Try it
Every entry should be reproduced precisely, with each picture left out.

Supplied material
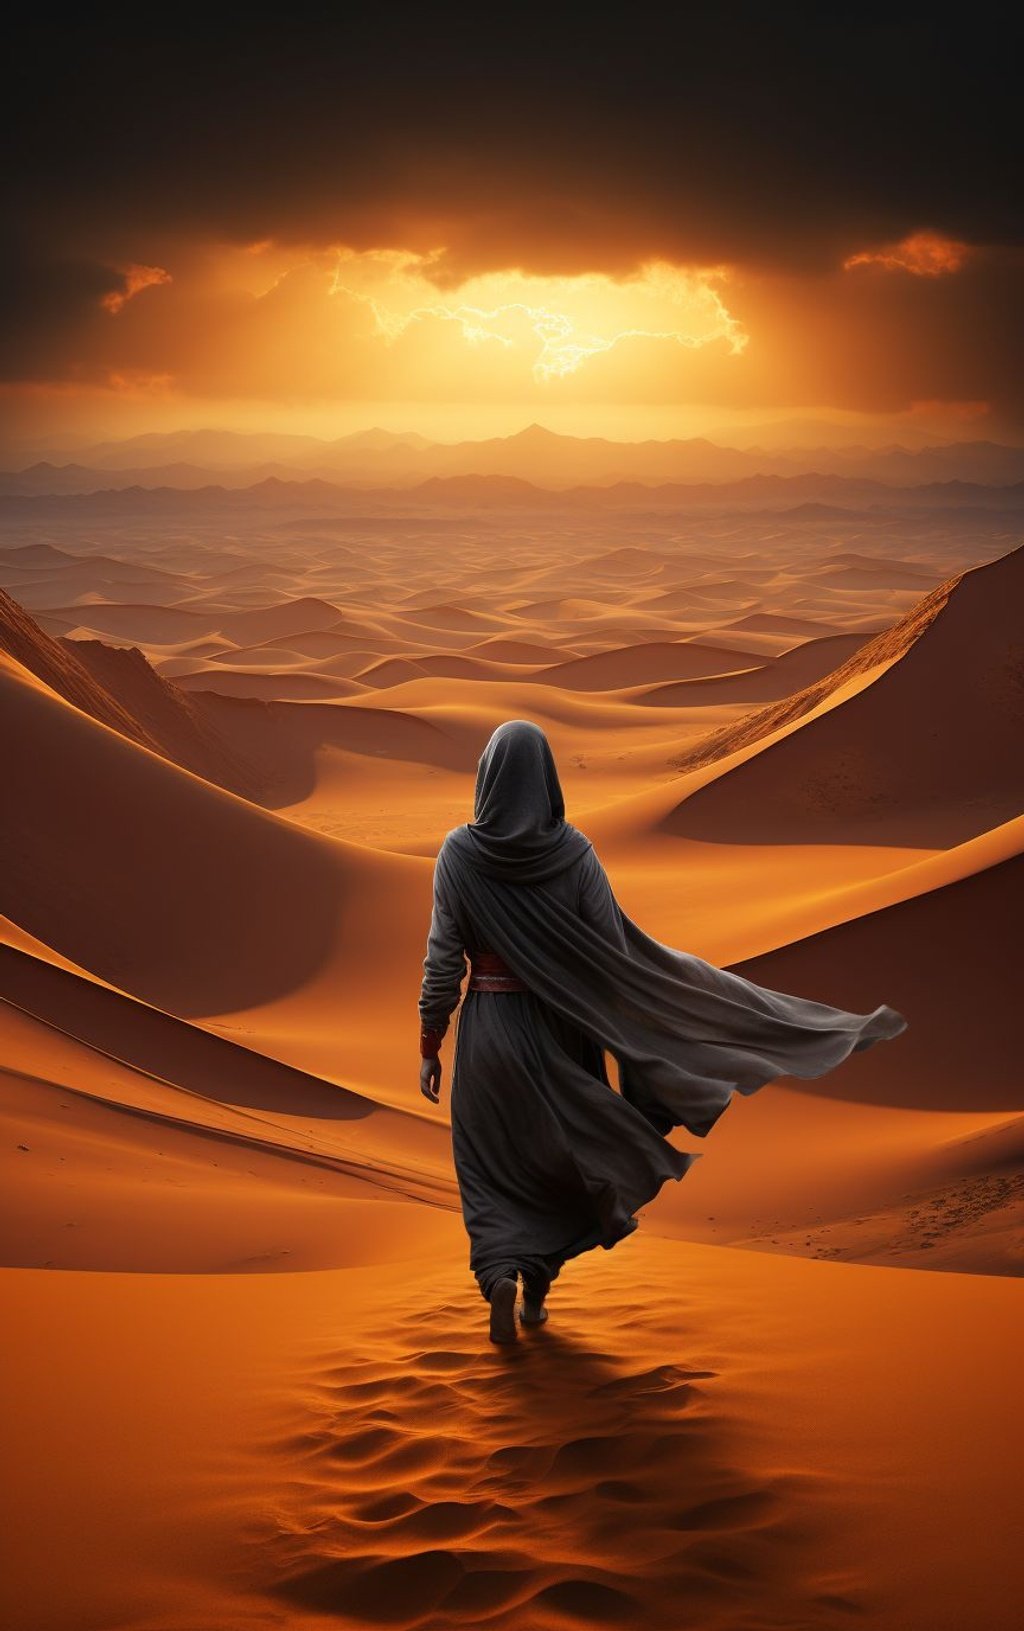 Prompt: desert life hd wallpapers 584x416, in the style of faith-inspired art, moody figurative, uhd image
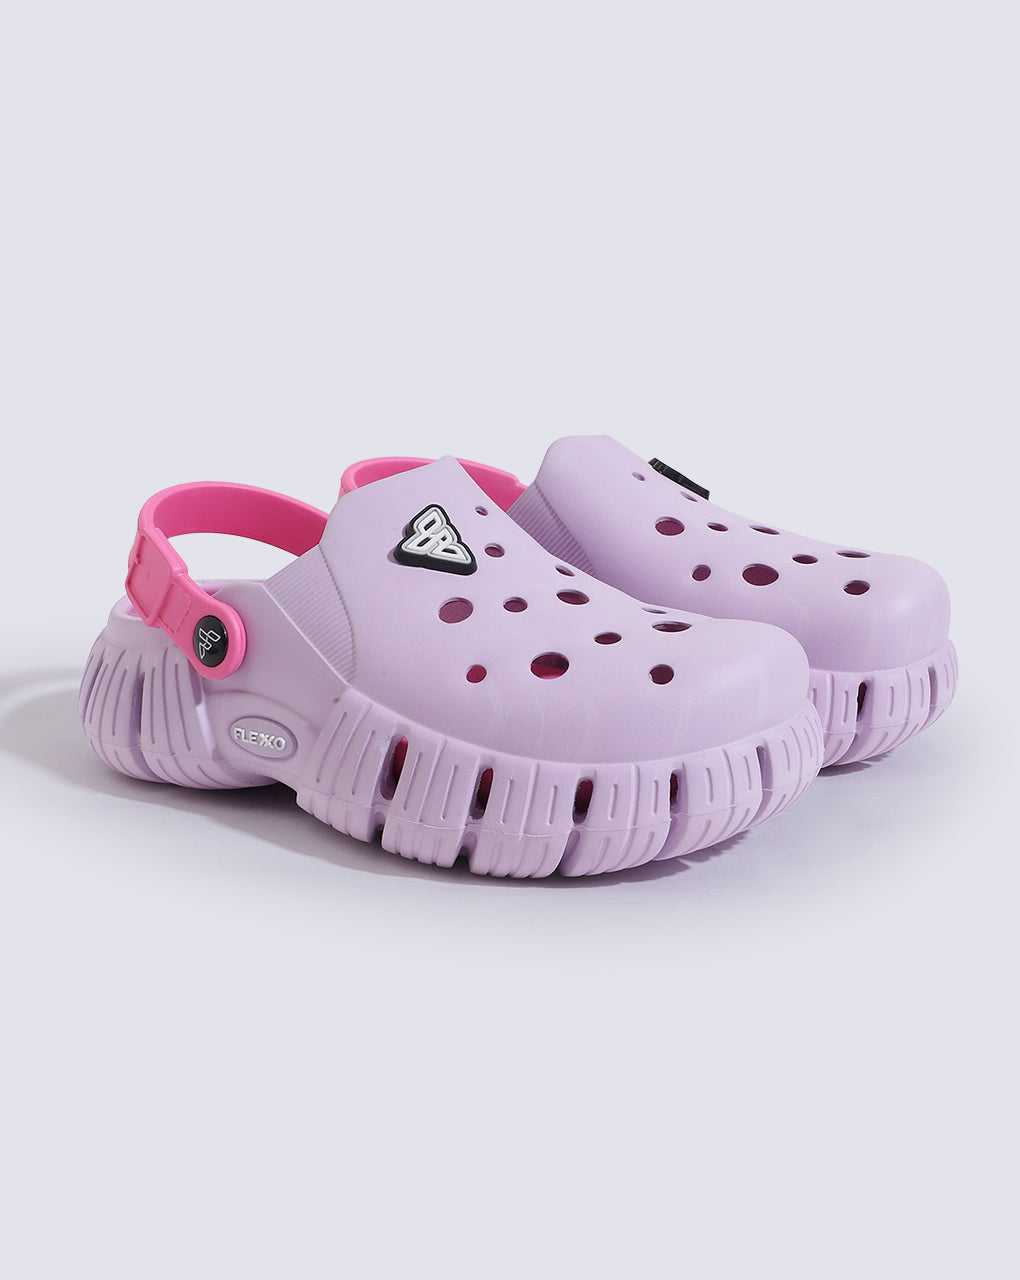 Flexxo Luna clogs in Lilac/Rose Pink, a versatile footwear option for both men and women, offering style and comfort in every step.
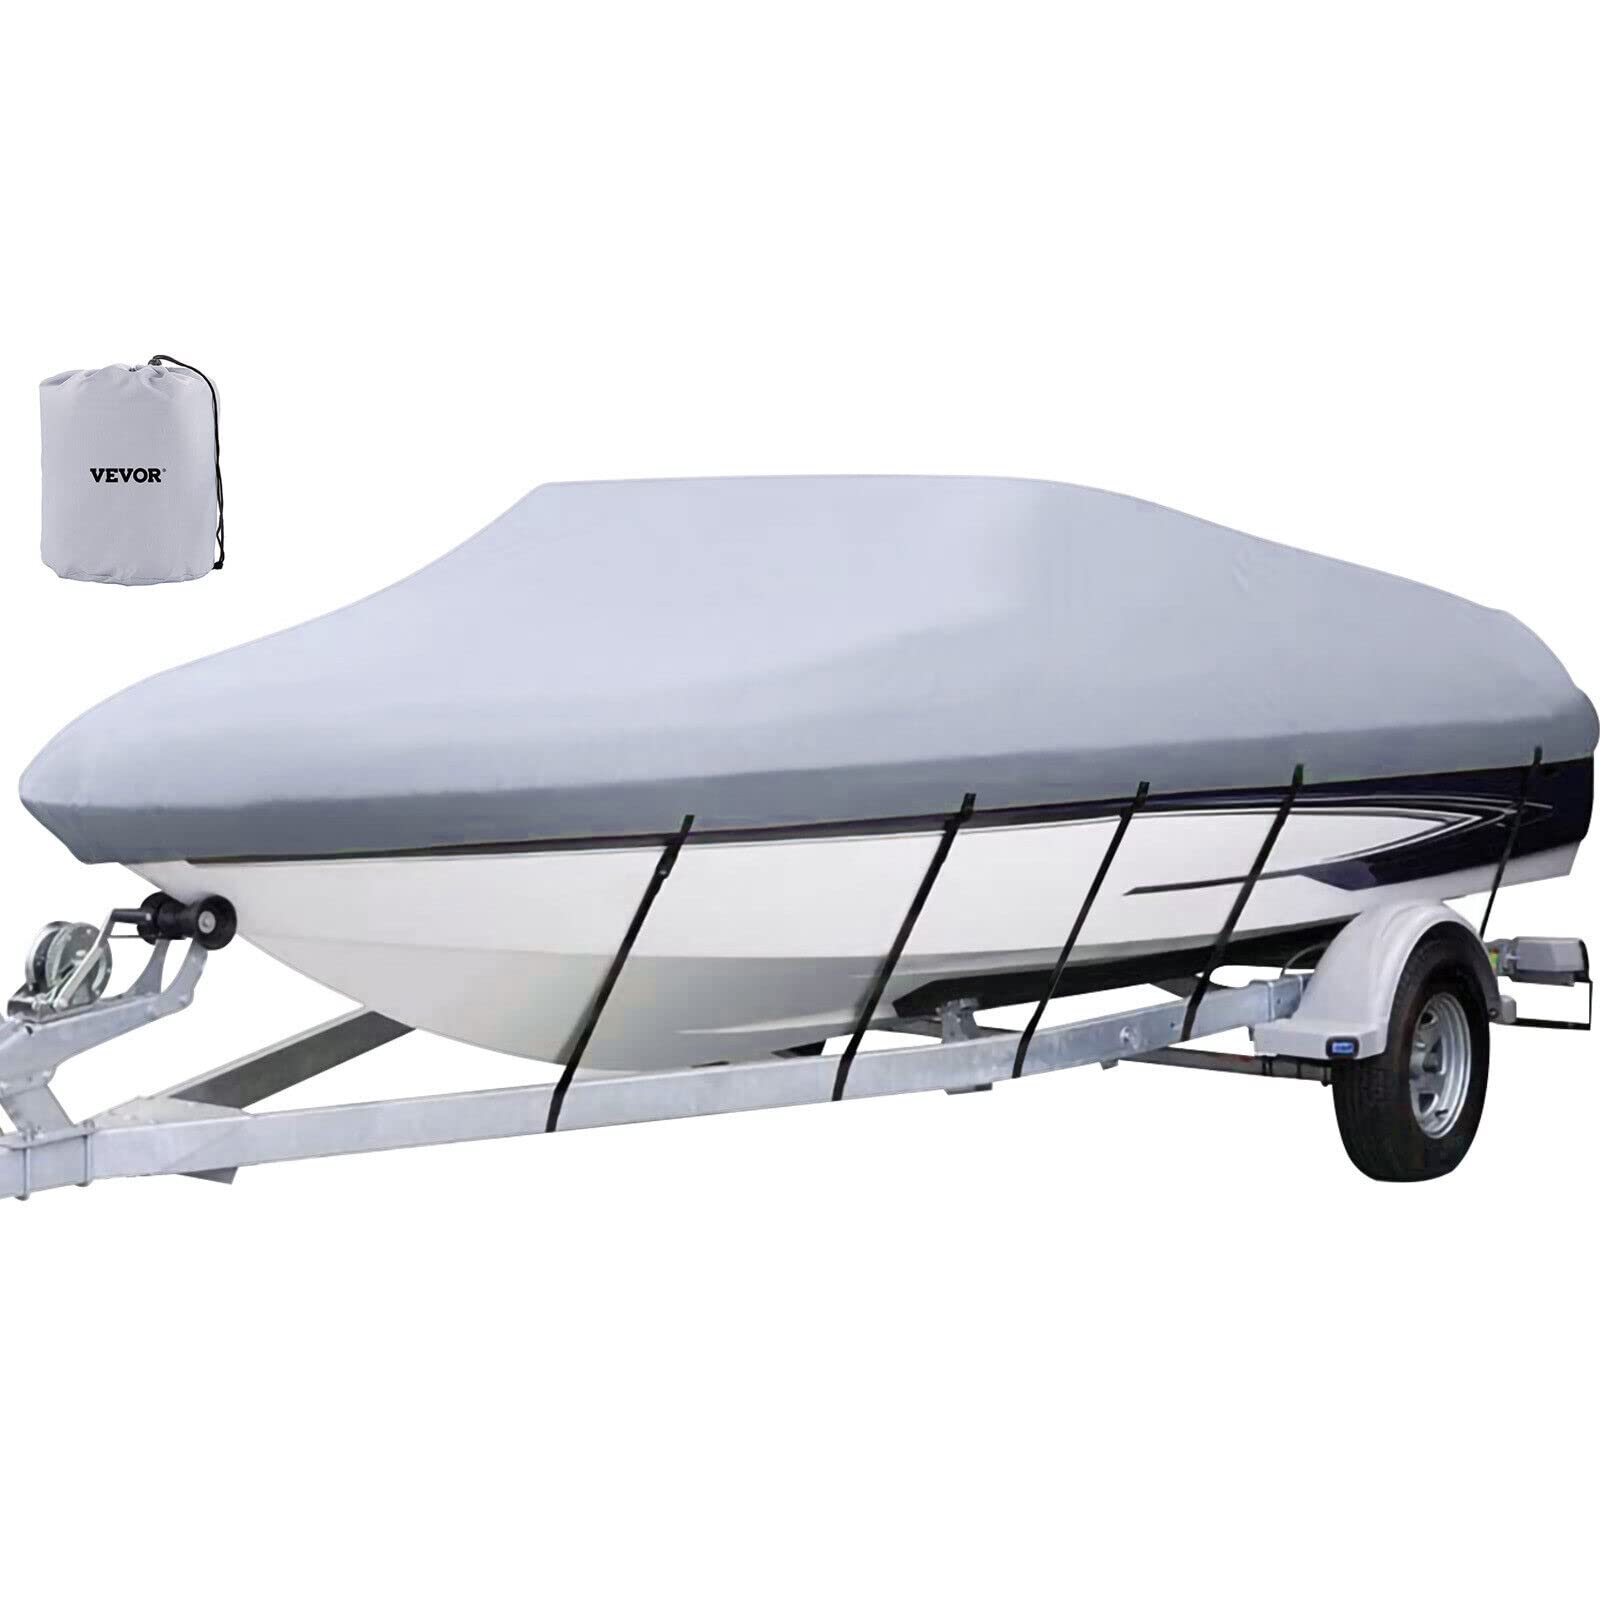 VEVOR wasserdichte Schutzhülle, 17'-19' Trailerable Boat Cover, Beam Width up to 102' v Hull Cover Heavy Duty 600D Marine Grade Polyester Mooring Cover for Fits V-Hull Boat with 5 Tightening Straps von VEVOR
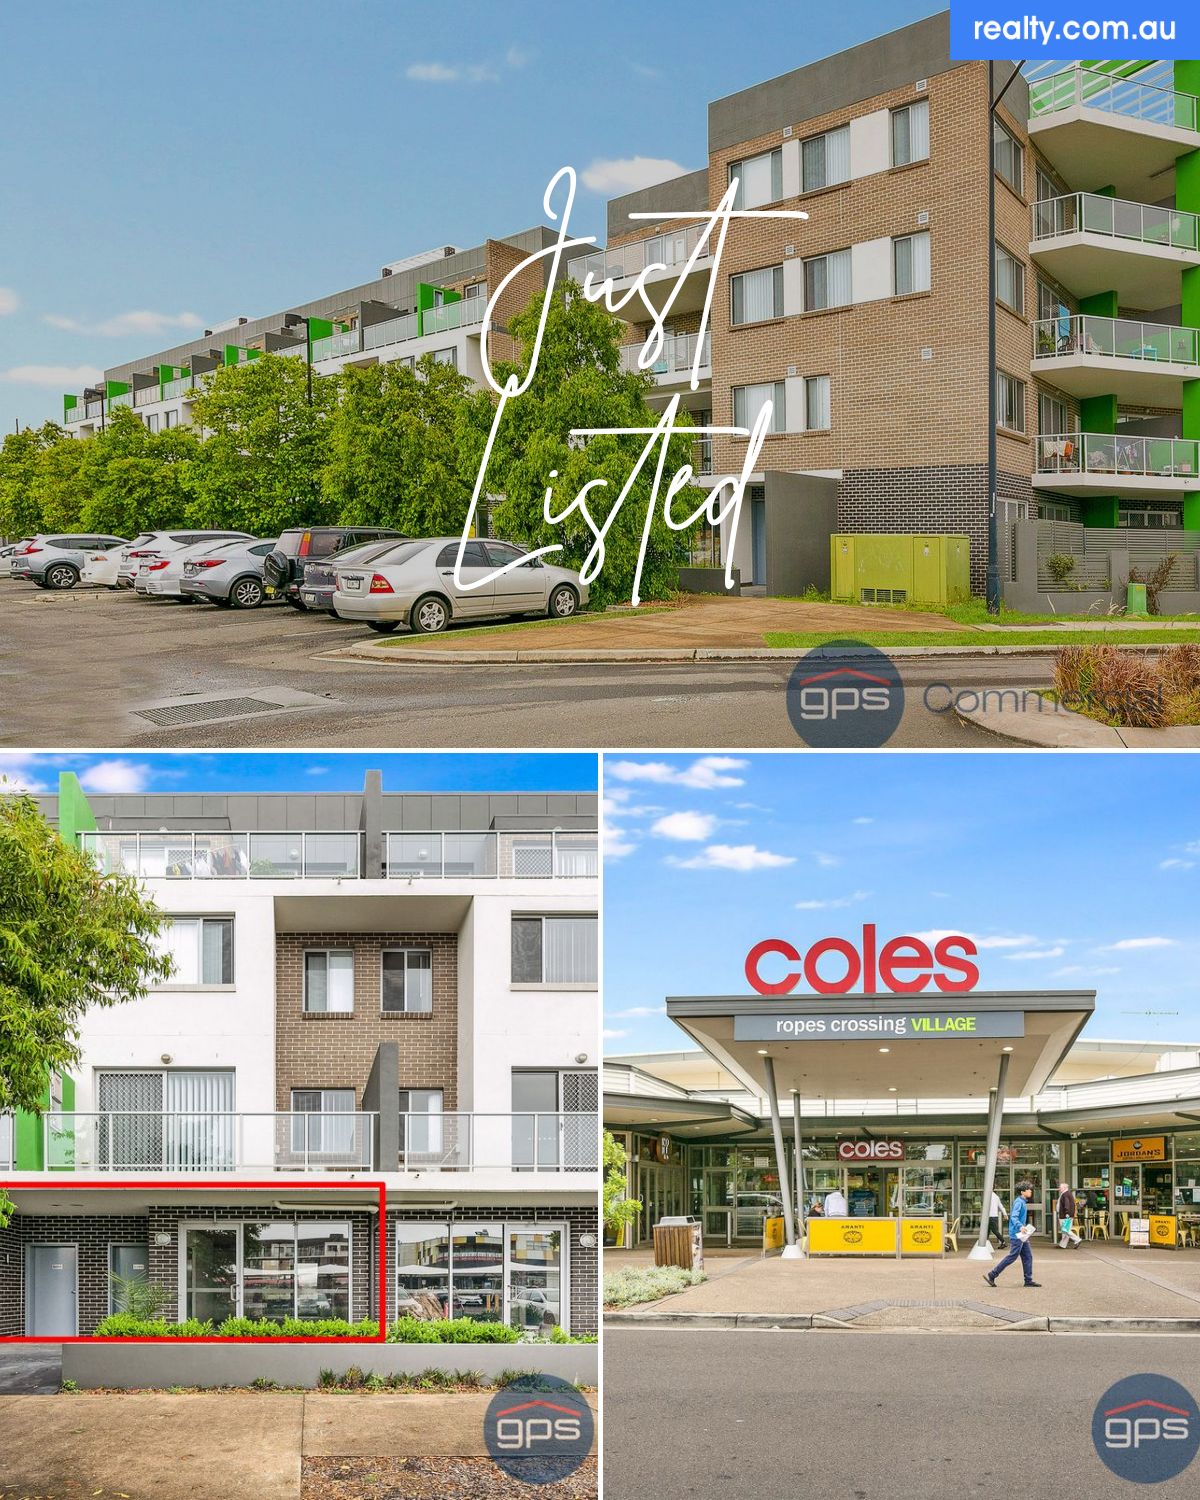 Shop G3/80B Ropes Crossing Boulevard, Ropes Crossing, NSW 2760 | Realty.com.au
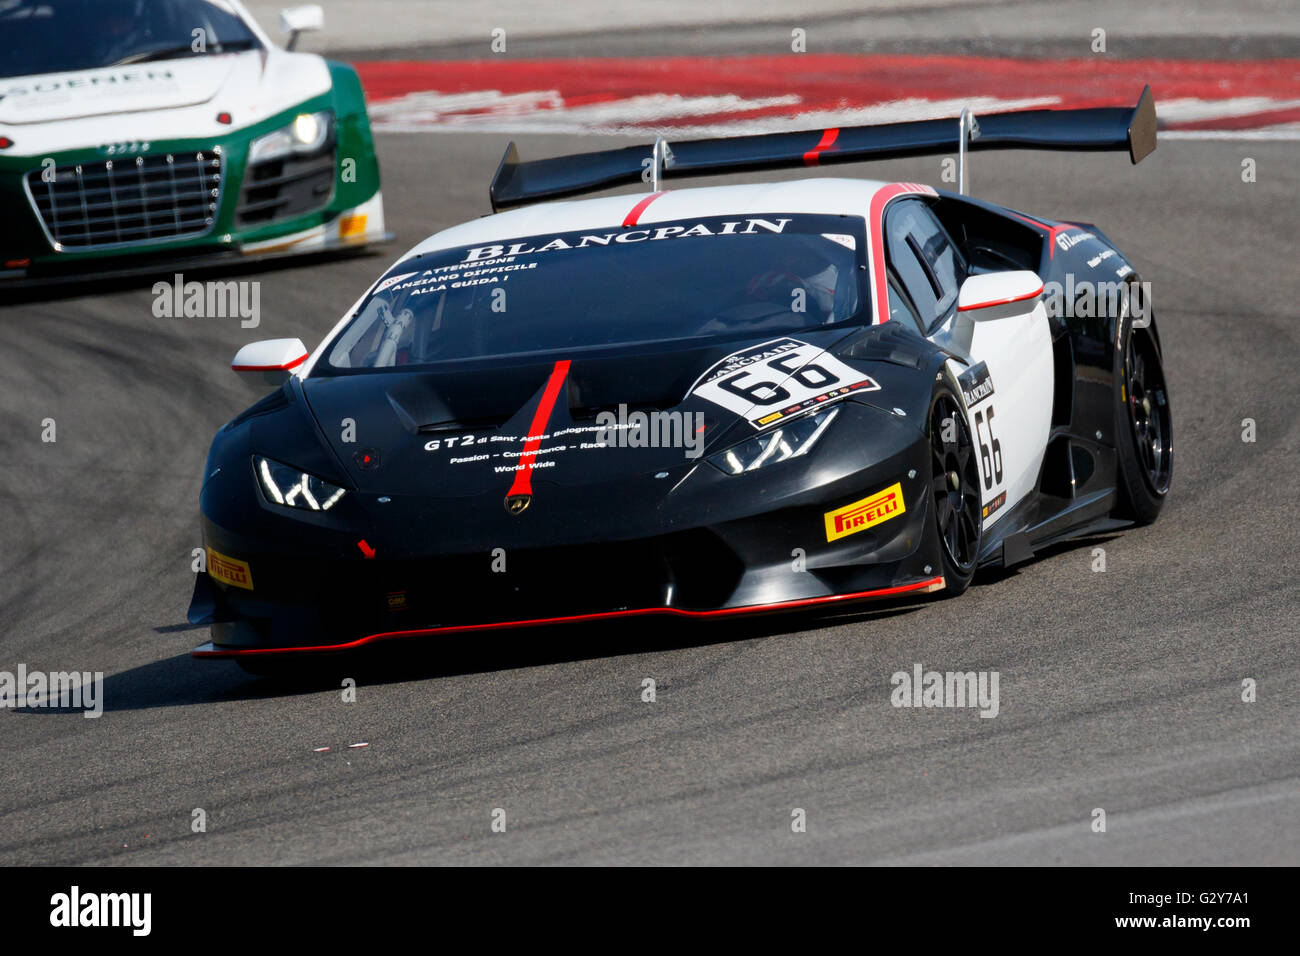 Misano Adriatico, Italy - April 10, 2016: Corvette C 6 ZR1 GTE of Attempto Racing Team, driven by Mauro CasadeiI, the Blancpain GT Sports Club Main Race in Misano World Circuit. Stock Photo

Task output
 Prompt: desert life hd wallpapers 584x416, in the style of faith-inspired art, moody figurative, uhd image
 Flexxo Luna clogs in Lilac/Rose Pink, a versatile footwear option for both men and women, offering style and comfort in every step.
 VEVOR wasserdichte Schutzhülle, 17'-19' Trailerable Boat Cover, Beam Width up to 102' v Hull Cover Heavy Duty 600D Marine Grade Polyester Mooring Cover for Fits V-Hull Boat with 5 Tightening Straps von VEVOR
 Shop G3/80B Ropes Crossing Boulevard, Ropes Crossing, NSW 2760 | Realty.com.au
 Misano Adriatico, Italy - April 10, 2016: Corvette C 6 ZR1 GTE of Attempto Racing Team, driven by Mauro CasadeiI, the Blancpain GT Sports Club Main Race in Misano World Circuit. Stock Photo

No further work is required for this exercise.